Table 4 Outcome of Models in Overall and Subgroup Analyses

Given the imbalanced distributions of positive events in both datasets, for high-risk patients, positive predictive values (PPV) were relatively low: 65.6% and 22.4% for Pytorch_EHR and 63.6% and 17.5% for LGBM in MHHS and MIMIC-IV datasets, respectively. However, negative predictive values (NPV) were high: 90.3% and 98.9% for Pytorch_EHR and 89.7% and 98.8% for LGBM in MHHS and MIMIC-IV datasets, respectively. For low-risk patients, PPV was low: 37.6% and 3.0% for Pytorch_EHR and 33.5% and 2.9% for LGBM in MHHS and MIMIC-IV datasets, respectively. However, NPV were particularly high: 98.6% and 99.8% for Pytorch_EHR and 98.5% and 99.8% for LGBM in MHHS and MIMIC-IV datasets, respectively.

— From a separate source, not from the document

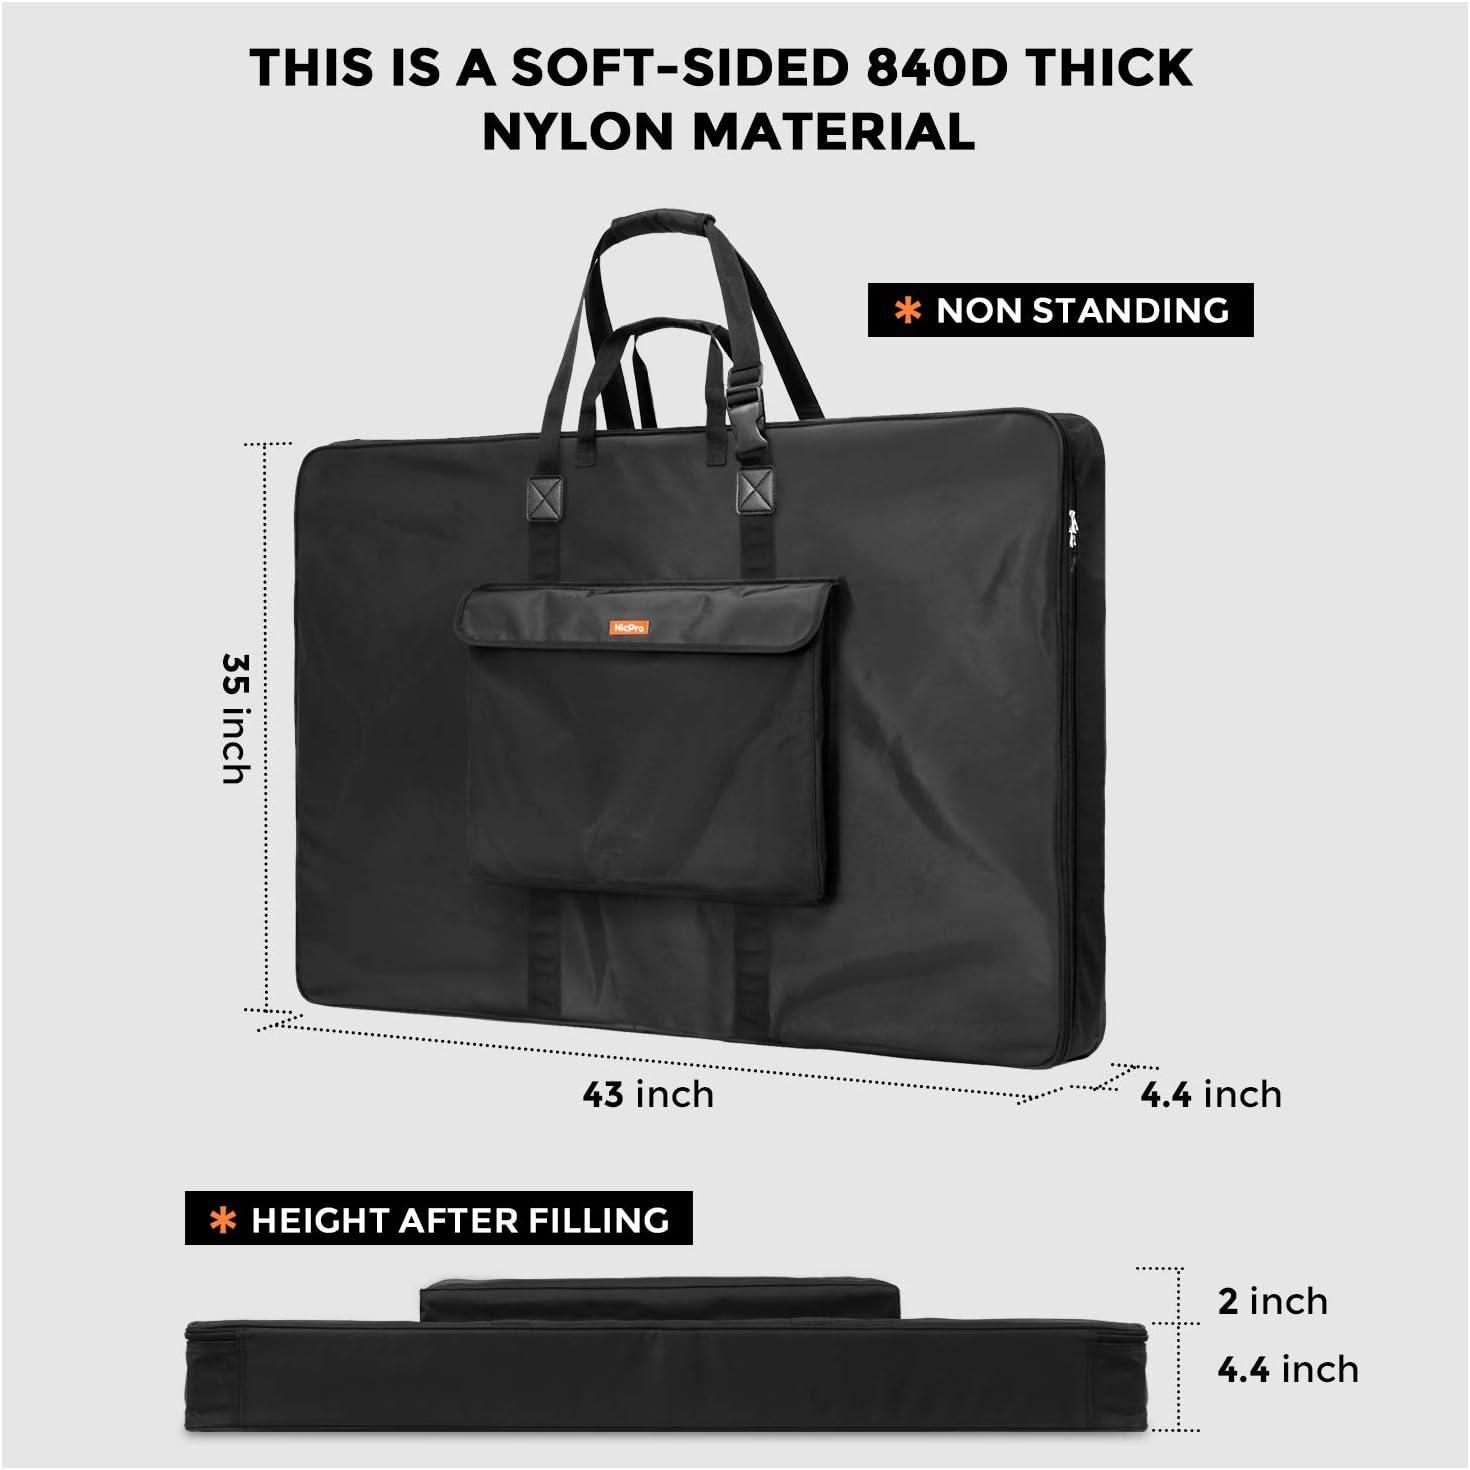 Nicpro Light Weight Art Portfolio Bag 24x36 Black Art Canvas Portfolio Case  with Detachable Shoulder Strap Leather Corners Carrying Storage Case for  Artwork Poster Sketching and Drawing 24 x 36 inches
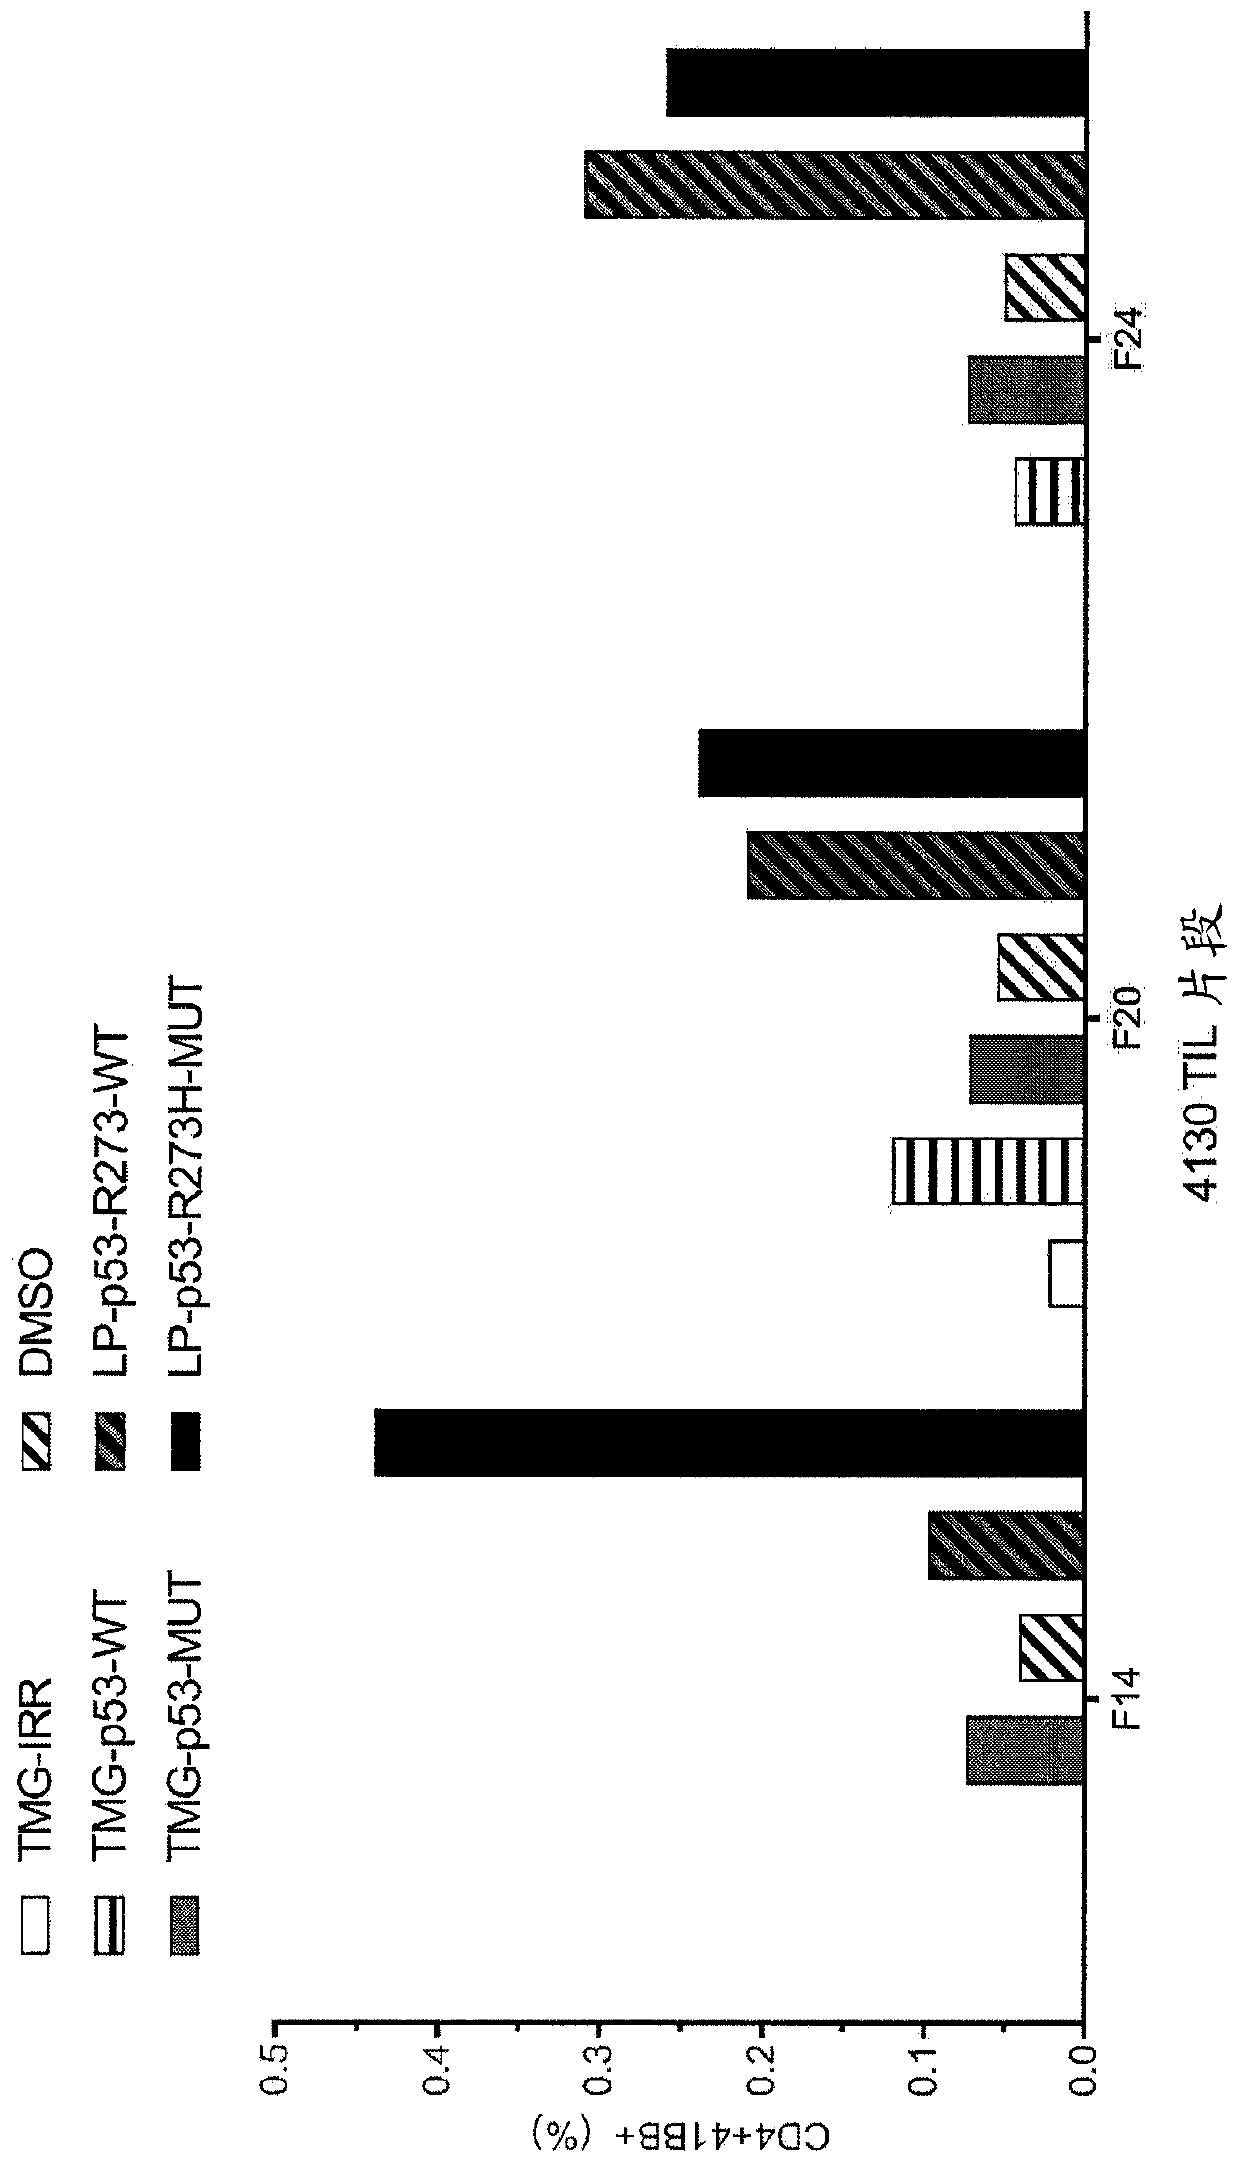 Methods of isolating T cells having antigenic specificity for P53 cancer-specific mutation

Fig. 1 shows the cumulative incidence curve of MRSA-positive cultures over two weeks from the index culture. In both datasets, our model clearly differentiated the patients with high and low risks of MRSA-positive cultures. The cumulative incidence of MRSA-positive cultures in the MRSA group in the MHHS dataset was 61.2%, whereas the incidence in the MIMIC-IV dataset was approximately 18.2%. The low incidence in MIMIC-IV despite a high risk was likely due to the overall incidence of positive MRSA cultures in the MIMIC-IV dataset.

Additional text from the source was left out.